**Data block**.
┌────────

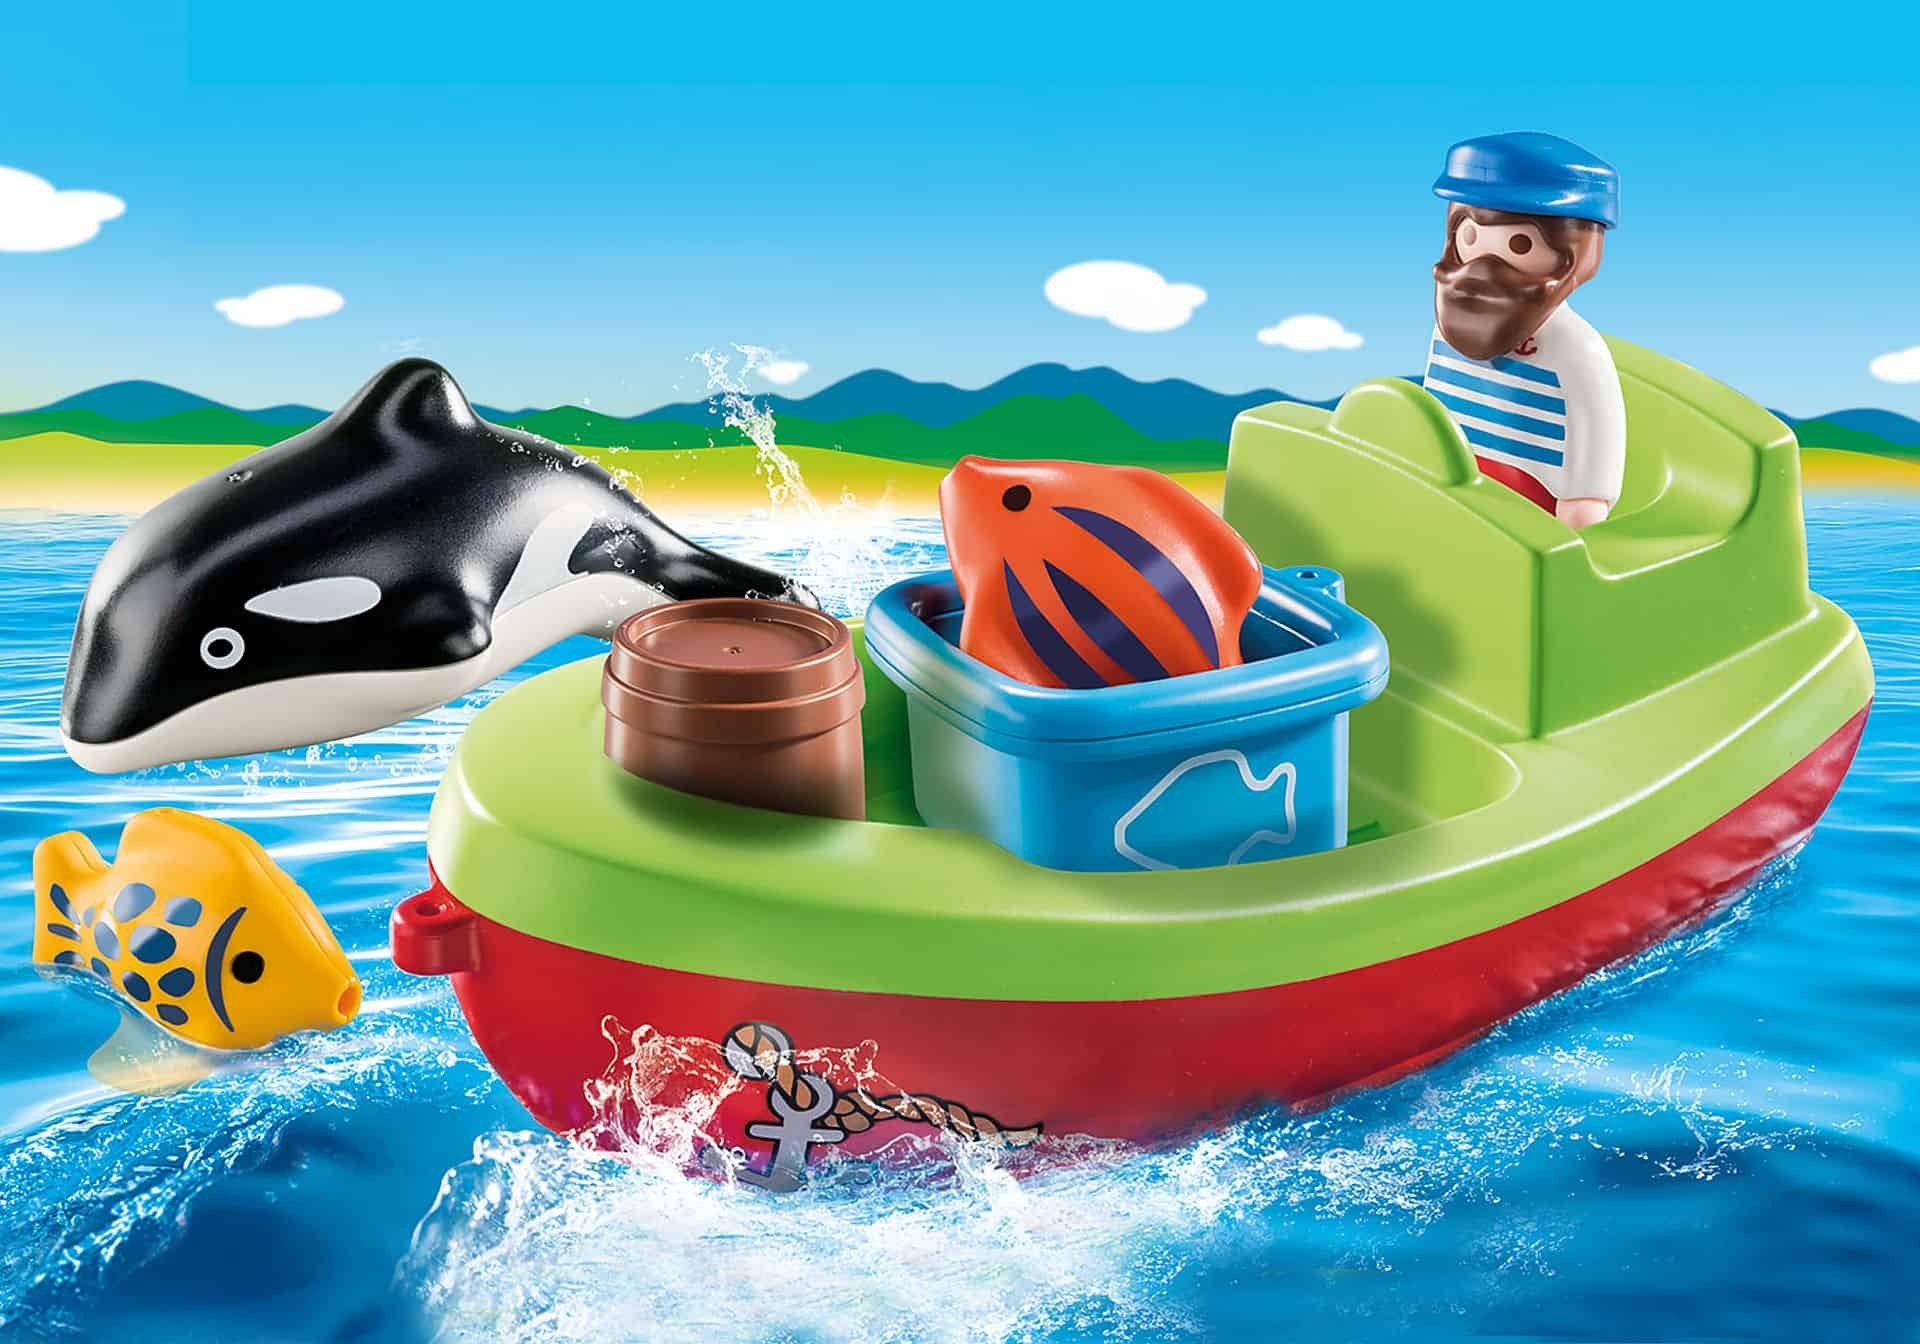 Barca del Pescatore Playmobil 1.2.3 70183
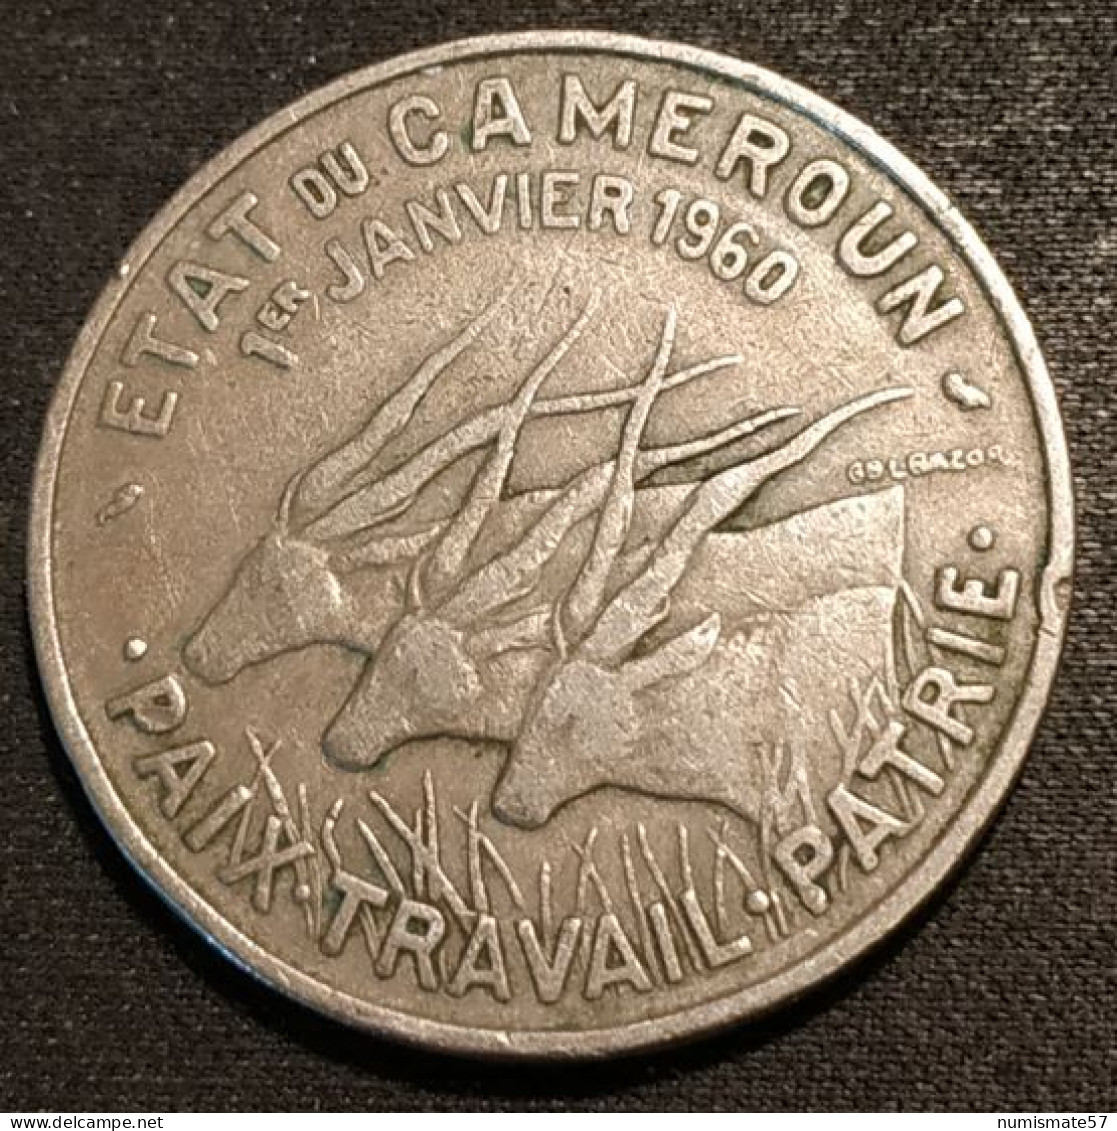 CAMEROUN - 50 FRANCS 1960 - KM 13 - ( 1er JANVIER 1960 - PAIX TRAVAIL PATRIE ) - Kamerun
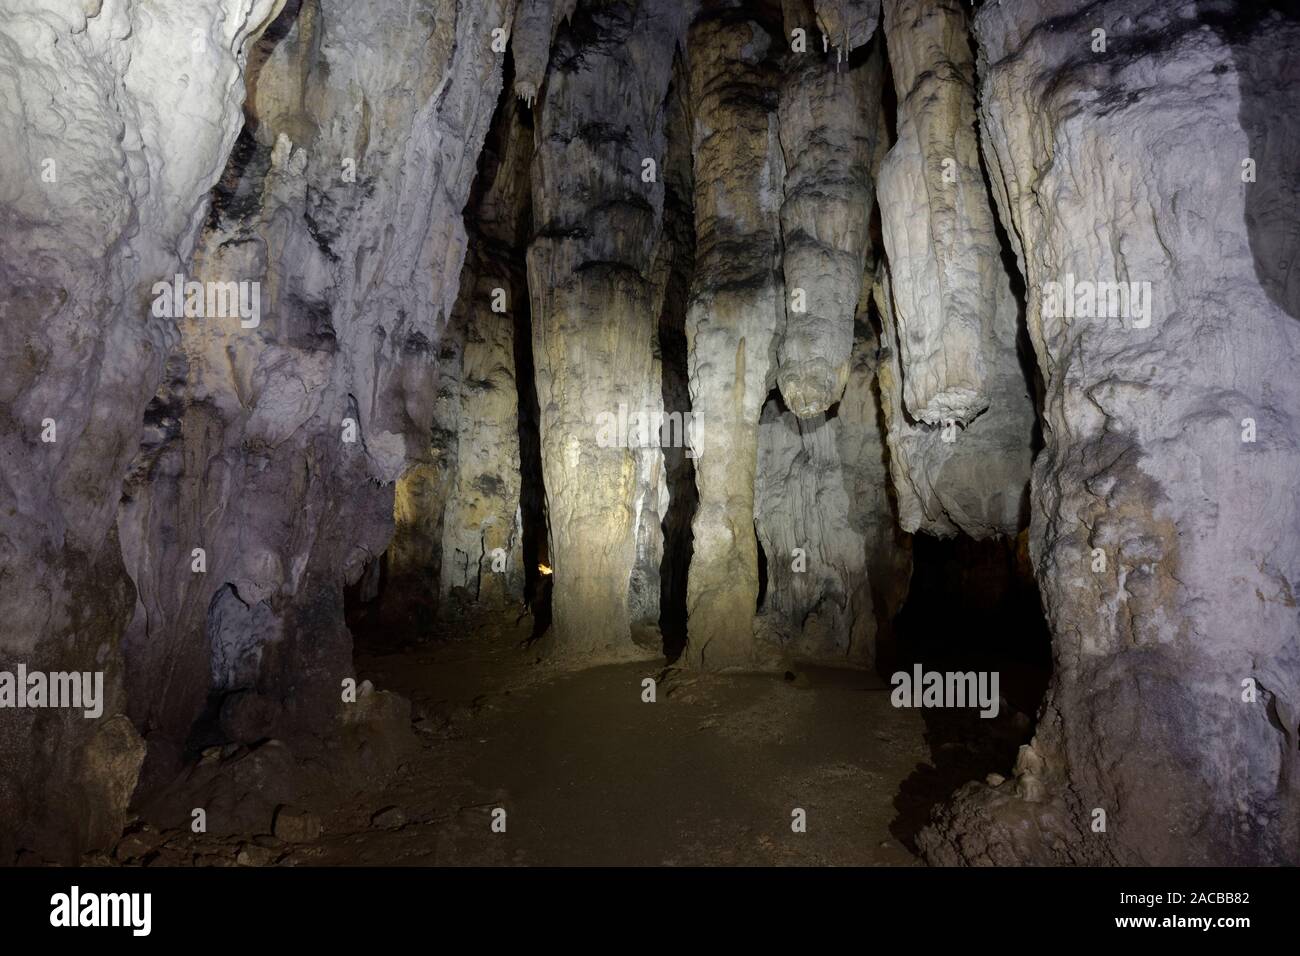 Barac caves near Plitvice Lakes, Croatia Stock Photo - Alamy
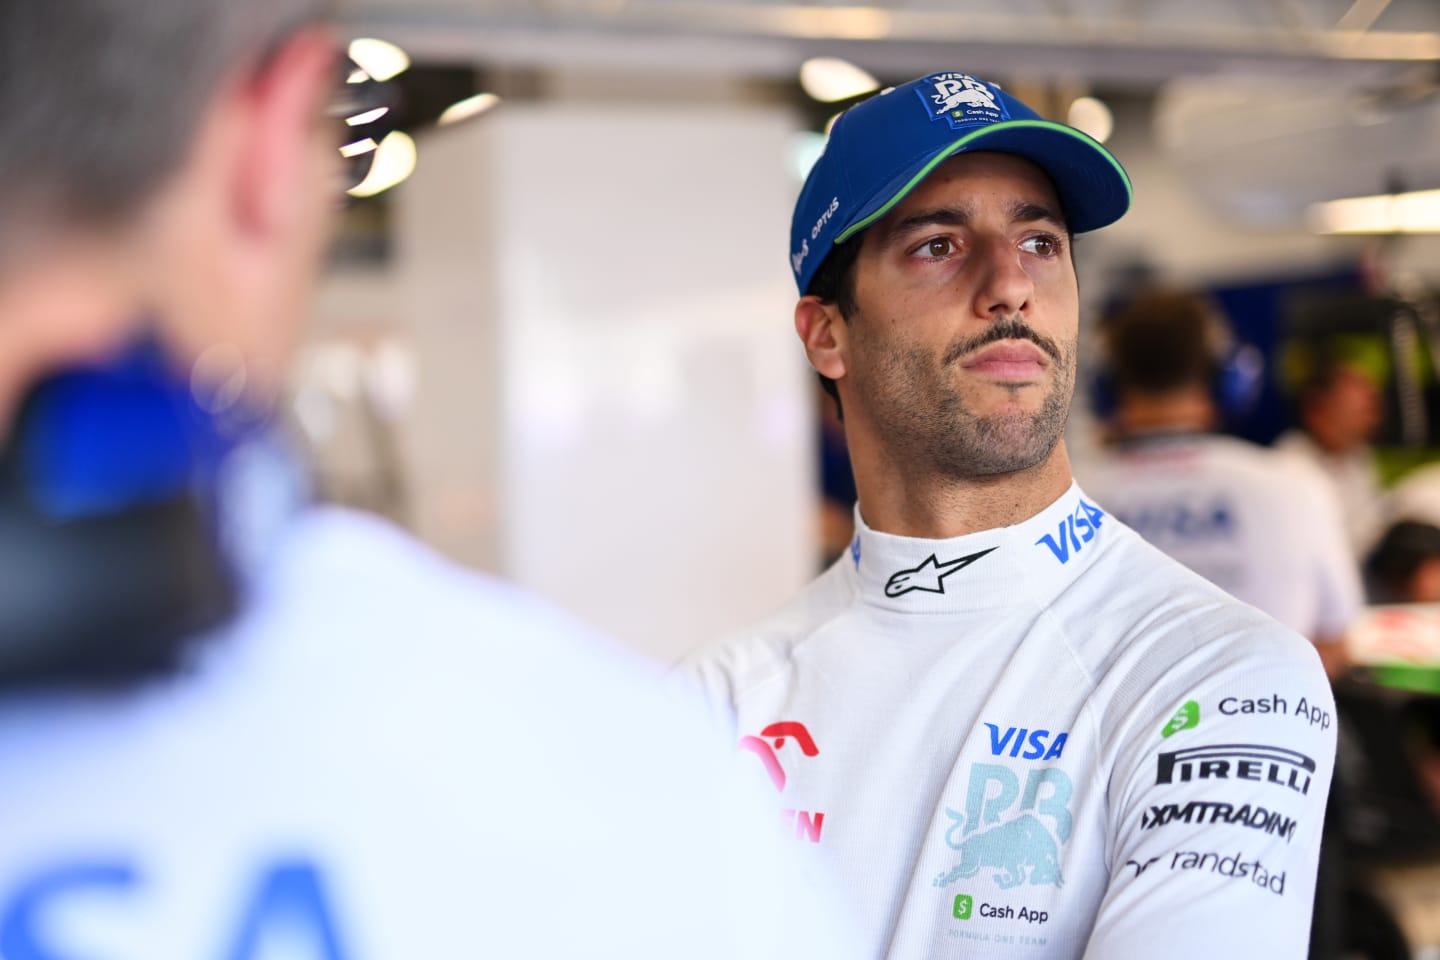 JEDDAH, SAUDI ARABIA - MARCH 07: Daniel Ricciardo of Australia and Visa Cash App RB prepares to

└────────

Any picture in the listing is to be omitted. Return exactly the lines from the one containing "CAMEROUN - 50" through its last line, both included, and only those.

**Answer to the exercise**.
 CAMEROUN - 50 FRANCS 1960 - KM 13 - ( 1er JANVIER 1960 - PAIX TRAVAIL PATRIE ) - Kamerun
 Barac caves near Plitvice Lakes, Croatia Stock Photo - Alamy
 JEDDAH, SAUDI ARABIA - MARCH 07: Daniel Ricciardo of Australia and Visa Cash App RB prepares to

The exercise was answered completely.